Hi guys we are currently trying to decide between a 2013 swift bolero 722 FB and a new 2015 722FB , can anybody outline the main difference between the 2 , and is it really worth the extra for the 2015 model.

Thanks Darren


----------



## User1 (Apr 13, 2012)

Don't think I would bother with either. We have a 2012 version and have had lots of problems. Dealer has been terrible with repairs and you finish up doing the minor ones yourself. The blind over the front cab sags if you leave it down and you have to very carefully work it back up. Panel fit on the outside is taken care of with loads of goo. They put a lot in them which I think is the attraction. Gas locker only holds 6 kg bottles and with the heating on you can get through one in a weekend. Don't fit an auto changeover valve as you can run out of gas without knowning. Ours is over the 3.5 ton limit so if you start looking for breakdown cover it seems that its only available from the clubs. AA and RAC have a limit of 3.5 Tons. Fiat Assist are ok but you cannot renew it when it runs out.
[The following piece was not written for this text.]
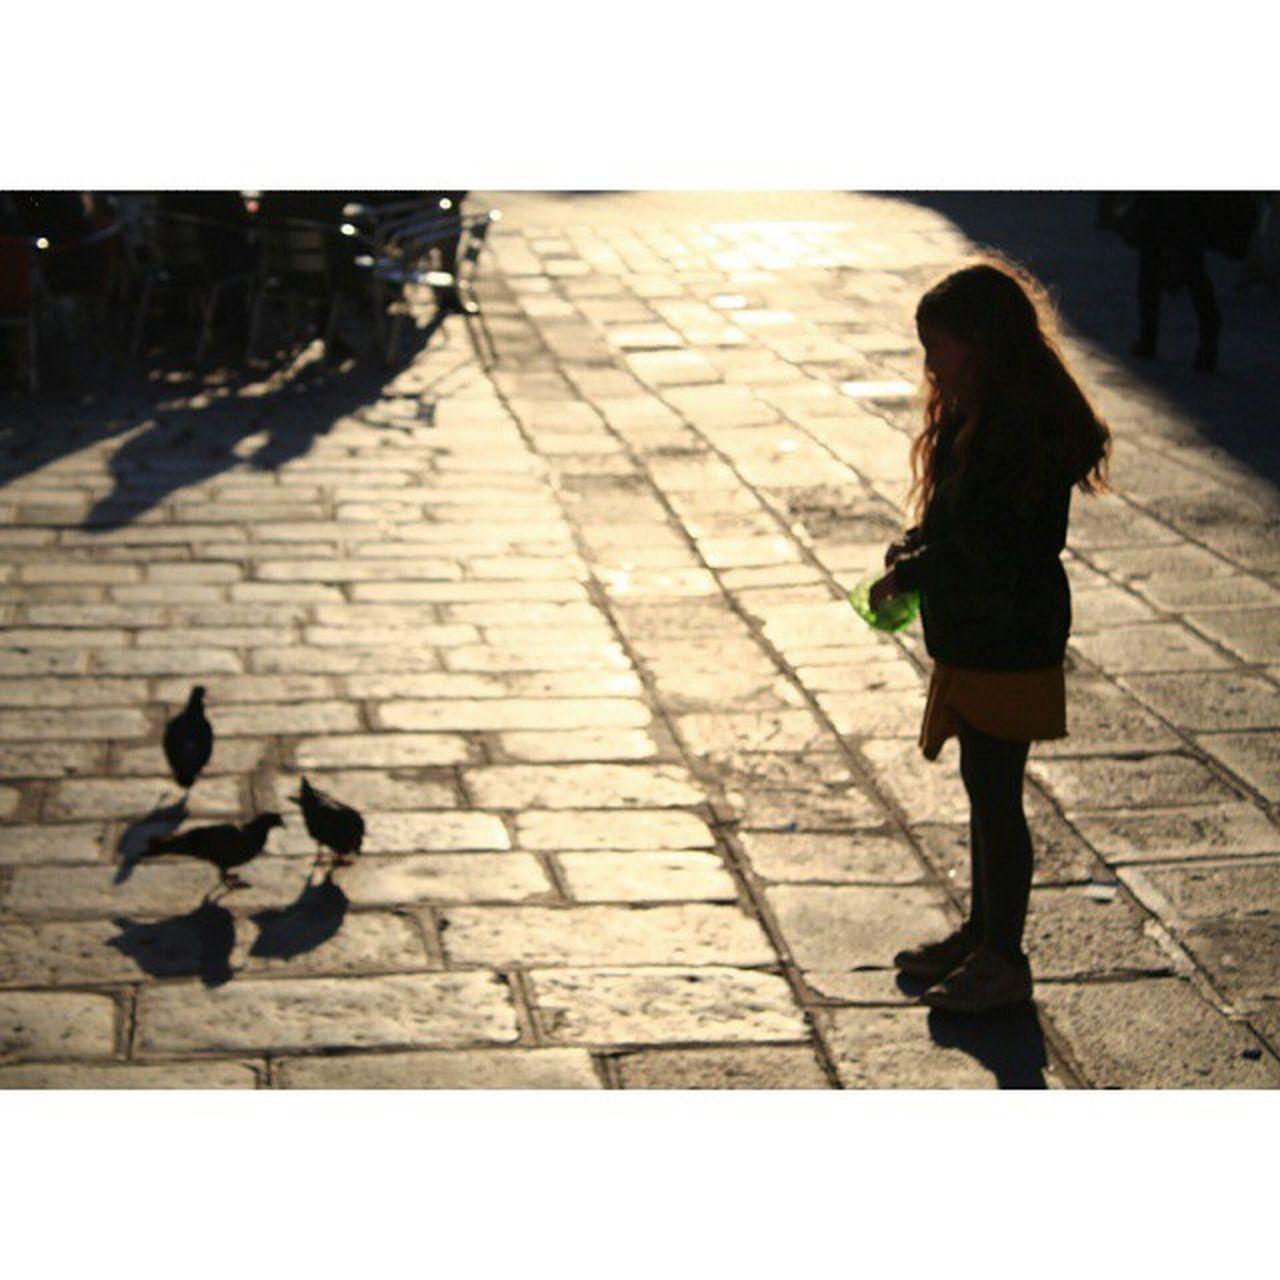 💫✨🌞Into the Light 🌞✨💫 🍃FourGardensOneCommunity - GiardiniVeneziani instameet🍃 | ✨ Instatellers ✨ | NoFilter Taken with 📷 Canon EOS 1100D | IG_Venice IG_Veneto IG_Italy IG_Europe IG_WorldClub IG_Exquisite IG_Masterpiece Gununkaresi VisitVeneto Venice Veniceporn Controluce girl chasinglight BrowsingItaly Foto_Italiane NumberOf1 InstagramHub 2InstaGood AllShots_ ShotWithLove Big_Shotz Gunukaresi

Lots of others out there that are far better. May not have all the bells and whistles but are far better put together.


----------



## bognormike (May 10, 2005)

don't worry about the 3.5 ton limit for breakdown cover, there are lots of companies that do cover vans over 3.5 tons as part of the general insurance, no restrictions on weight or size. Comfort / MHF for instance. It's a no-brainer in the last few years to get it with the main insurance; I've saved by having the cover rather than paying separate RAC Arrival (C&CC) cover. Licence / age restrictions are more of a problem for larger vans. 

as for the quality / value, other owners may well come back with details.


----------



## siggie (Oct 2, 2010)

Just remember that Swift are one of the (if not THE) biggest manufacturers of UK sold motorhomes, so you are bound to hear stories of problems with them. I am sure that percentage-wise Swift have a very similar number of problems as most other manufacturers for the price range they sell at.

Secondly, people that have had problems are far, far more likely to bitch and moan about them than satisfied customers are to praise them.

To answer the OP's question, the biggest difference between 2013 and 2015 models is the way they are built. 2013 bodies are effectively made from wood whereas 2015 use SMART technology construction (see here). A few other additions over previous years models include a 60W solar panel, LED lights over the lockers, gas BBQ point, DRL's, etc - see the Swift website for the full spec.


----------



## Sideways86 (Feb 25, 2009)

I think Swift for what they are and include are very high spec motorhomes. I would go for the later one because of wet heating and modern designs inside trim and lighting etc.

I had a 62 plate with the uprated engine and it drove superbly. I now have a Kontiki Black edition

They also have swift talk which I cant praise highly enough.


----------